# [Action item]
Among the entries below, copy only the span from the line containing "Old Dominion University" through the line containing "Anonymous Wallpaper Full". Do so exactly, and skip the pictures.

# [Data supplied]
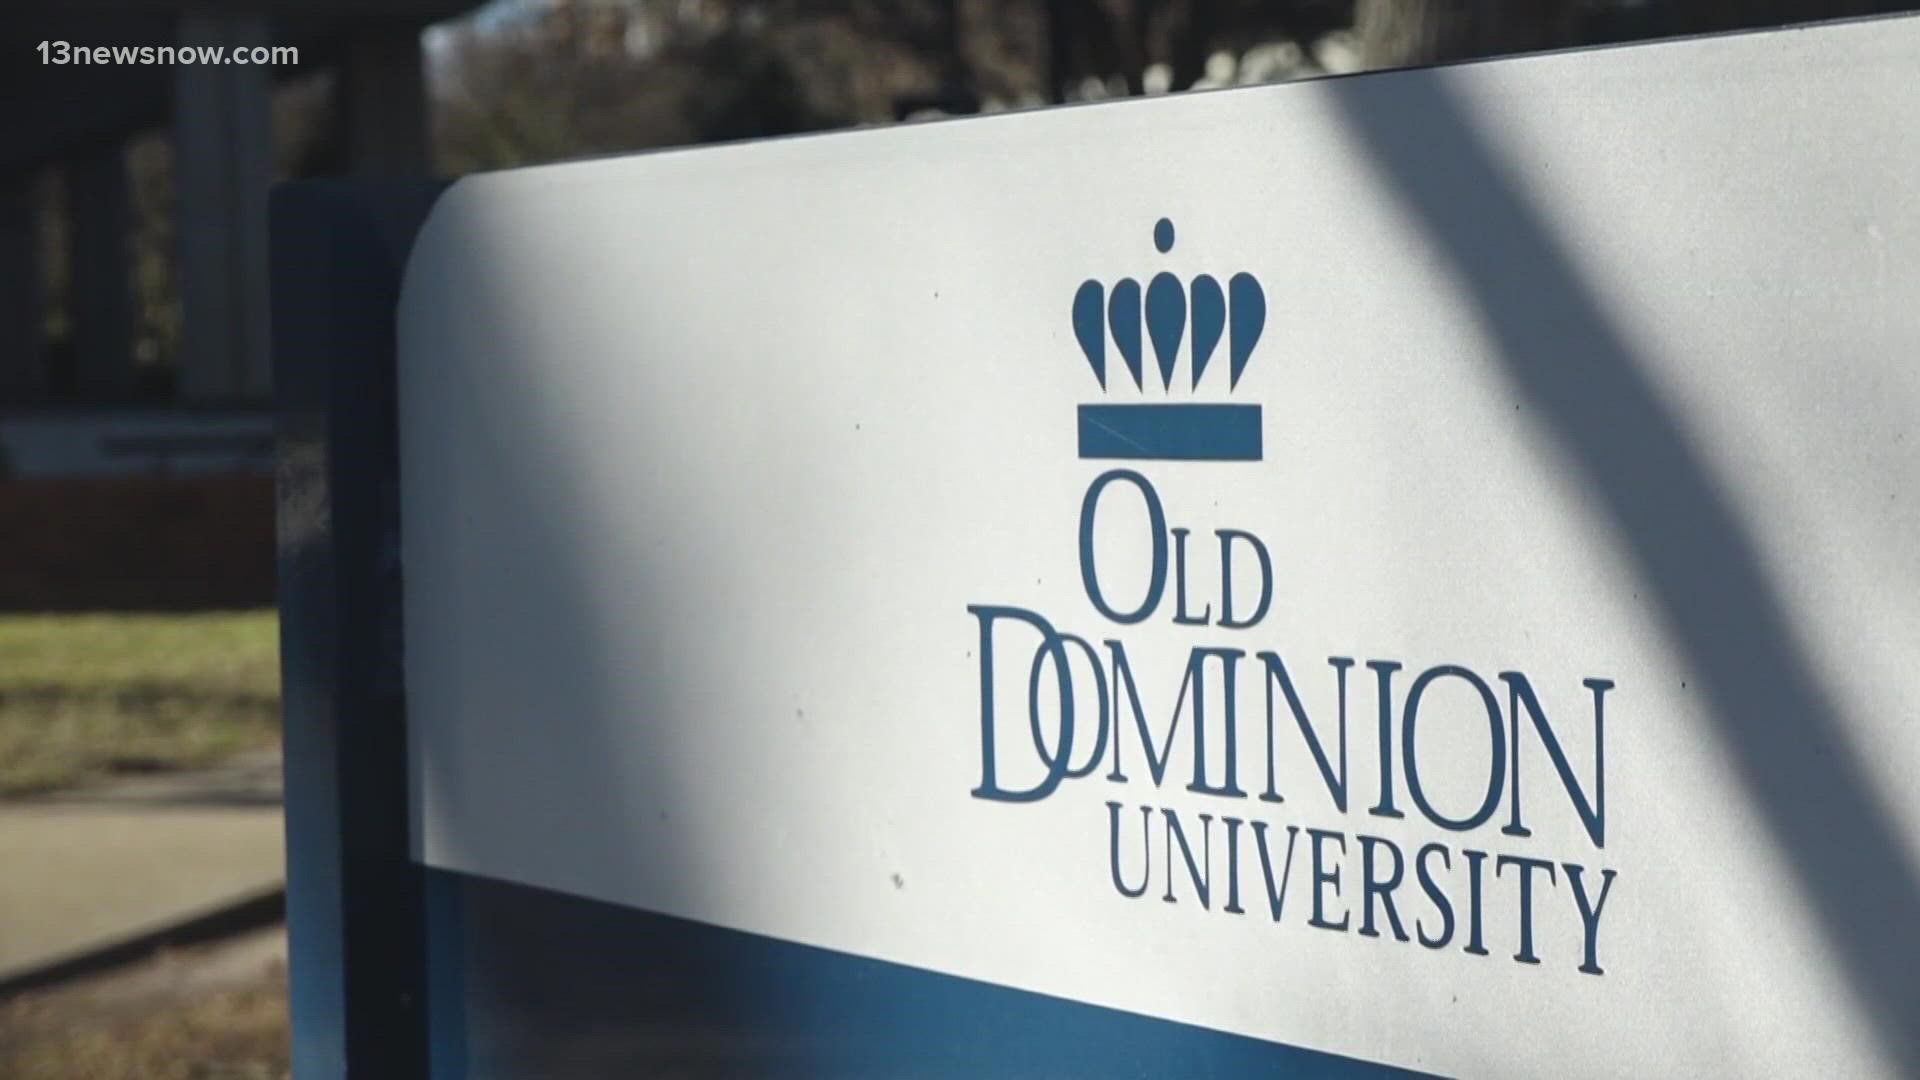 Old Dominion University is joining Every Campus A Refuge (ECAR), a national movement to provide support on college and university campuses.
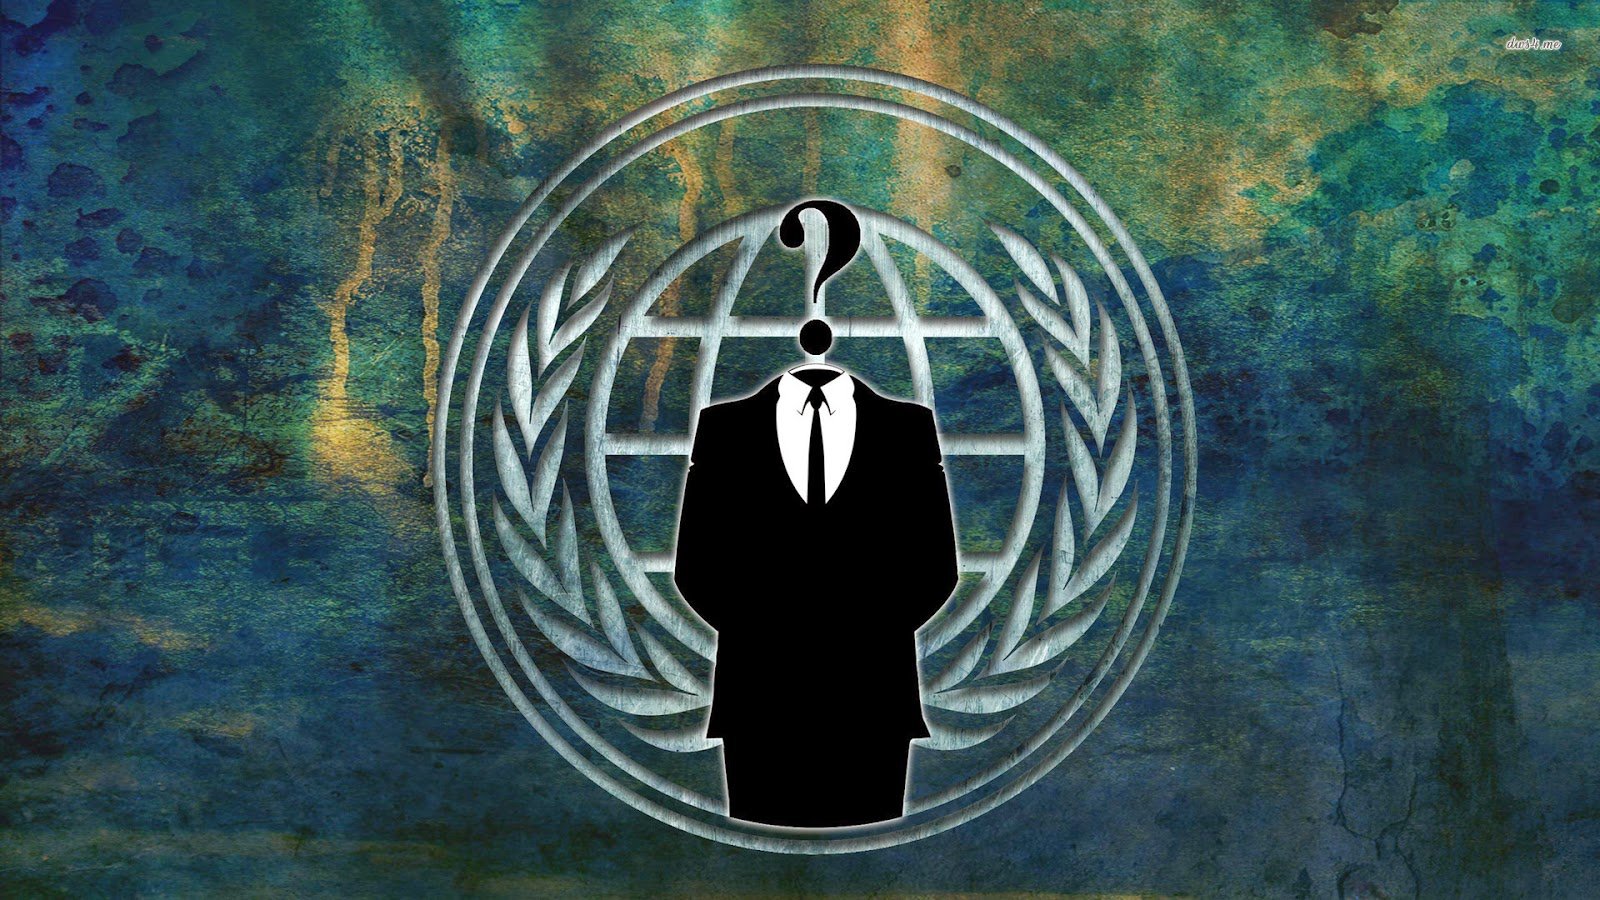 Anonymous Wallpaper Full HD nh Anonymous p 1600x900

--

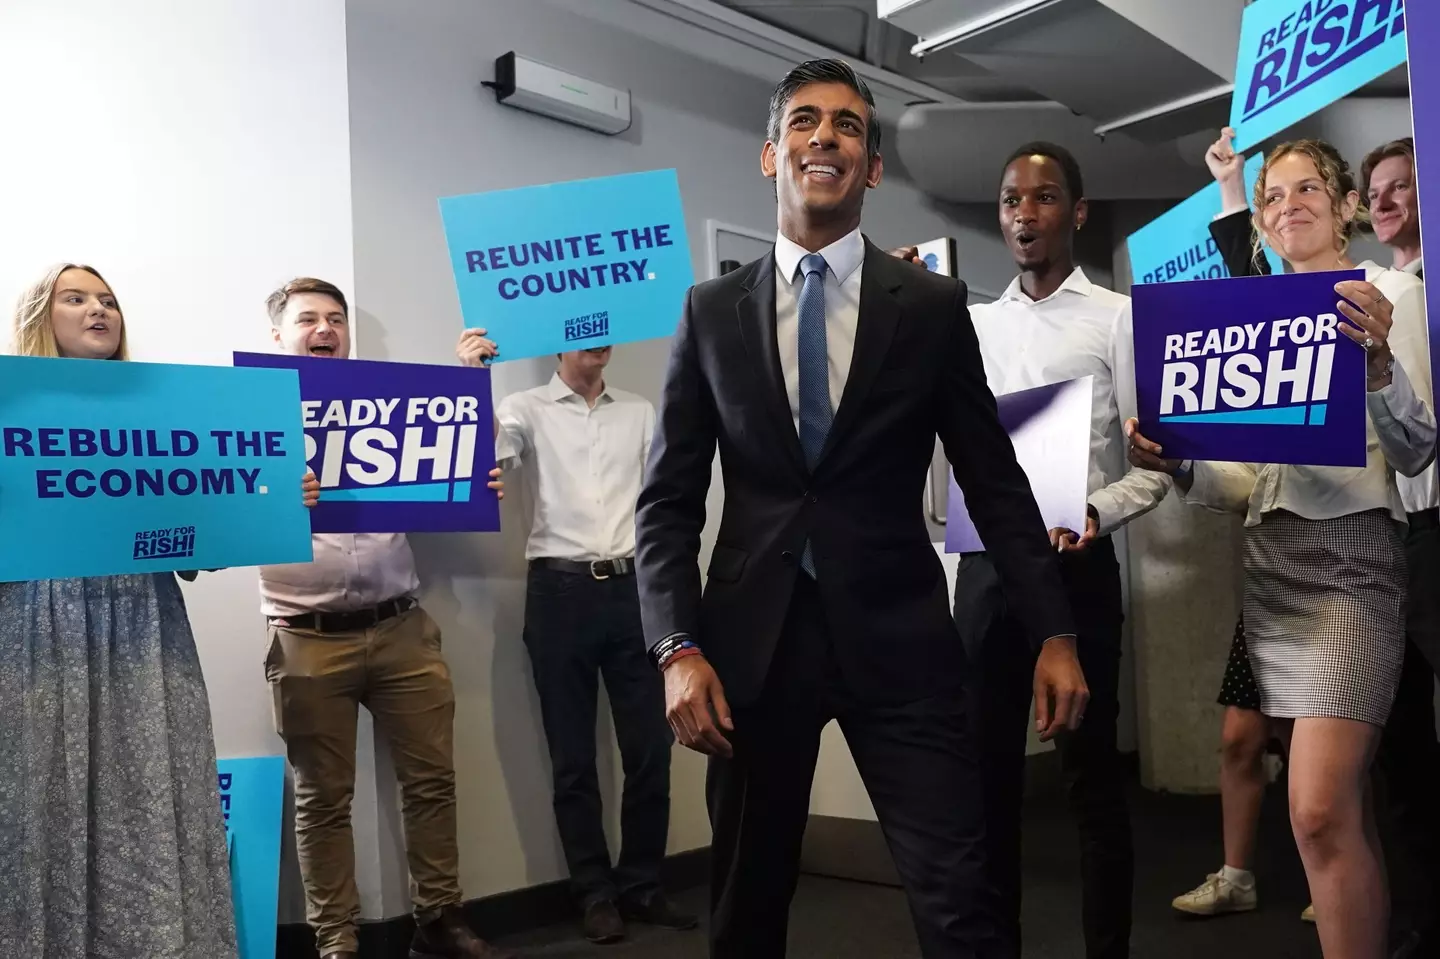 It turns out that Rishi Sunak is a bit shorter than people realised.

# [Result of the task]
 Old Dominion University is joining Every Campus A Refuge (ECAR), a national movement to provide support on college and university campuses.
 Anonymous Wallpaper Full HD nh Anonymous p 1600x900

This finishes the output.